Garofalo also rejected the idea that doctors are “forcing” parents to subject their children to gender-affirming treatments, noting that no medical interventions are undertaken on minors without parental consent and months of careful deliberation, based on individual patients’ circumstances.

“I thought the nation had learned a bit [from] a very tragic case of a young woman in Ohio who for months on her social media, suggested that her own life and her mental health were at risk if she were not allowed to access care for gender affirming hormones,” he said, referring to Leelah Alcorn. “And unfortunately, that young woman stepped in front of a tractor-trailer on a highway and took her own life. And I thought in that moment, this country had learned its lessons. And so it’s heartbreaking and it’s infuriating for me to be here to talk about bills in 2020, 2021, that are really just designed to discriminate and perpetrate hate.”

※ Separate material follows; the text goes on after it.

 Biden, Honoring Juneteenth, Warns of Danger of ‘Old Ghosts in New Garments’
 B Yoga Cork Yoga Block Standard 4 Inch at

The American Civil Liberties Union has vowed to challenge the law in court.

“Today, Arkansas legislators disregarded widespread, overwhelming, and bipartisan opposition to this bill and continued their discriminatory crusade against trans youth,” Holly Dickson, the executive director of the ACLU of Arkansas, said in a statement. “This is a sad day for Arkansas, but this fight is not over — and we’re in it for the long haul. Attempting to block trans youth from the care they need simply because of who they are is not only wrong, it’s also illegal, and we will be filing a lawsuit to challenge this law in court.

“We are hearing from concerned families all over the state who are afraid about the impact of this bill and others like it,” Dickson added. “We are committed to doing all we can to support these families and ensure they know how to continue to fight for their rights and get the care and resources they need.

“No matter what these politicians do or say, one thing has not changed: trans youth are loved, they are seen, and we will never stop fighting to defend their dignity, their rights and their lives. To everyone who spoke out against this bill: now is the time to stay loud, not only for trans lives, but for all the fundamental rights that politicians are hellbent on attacking.”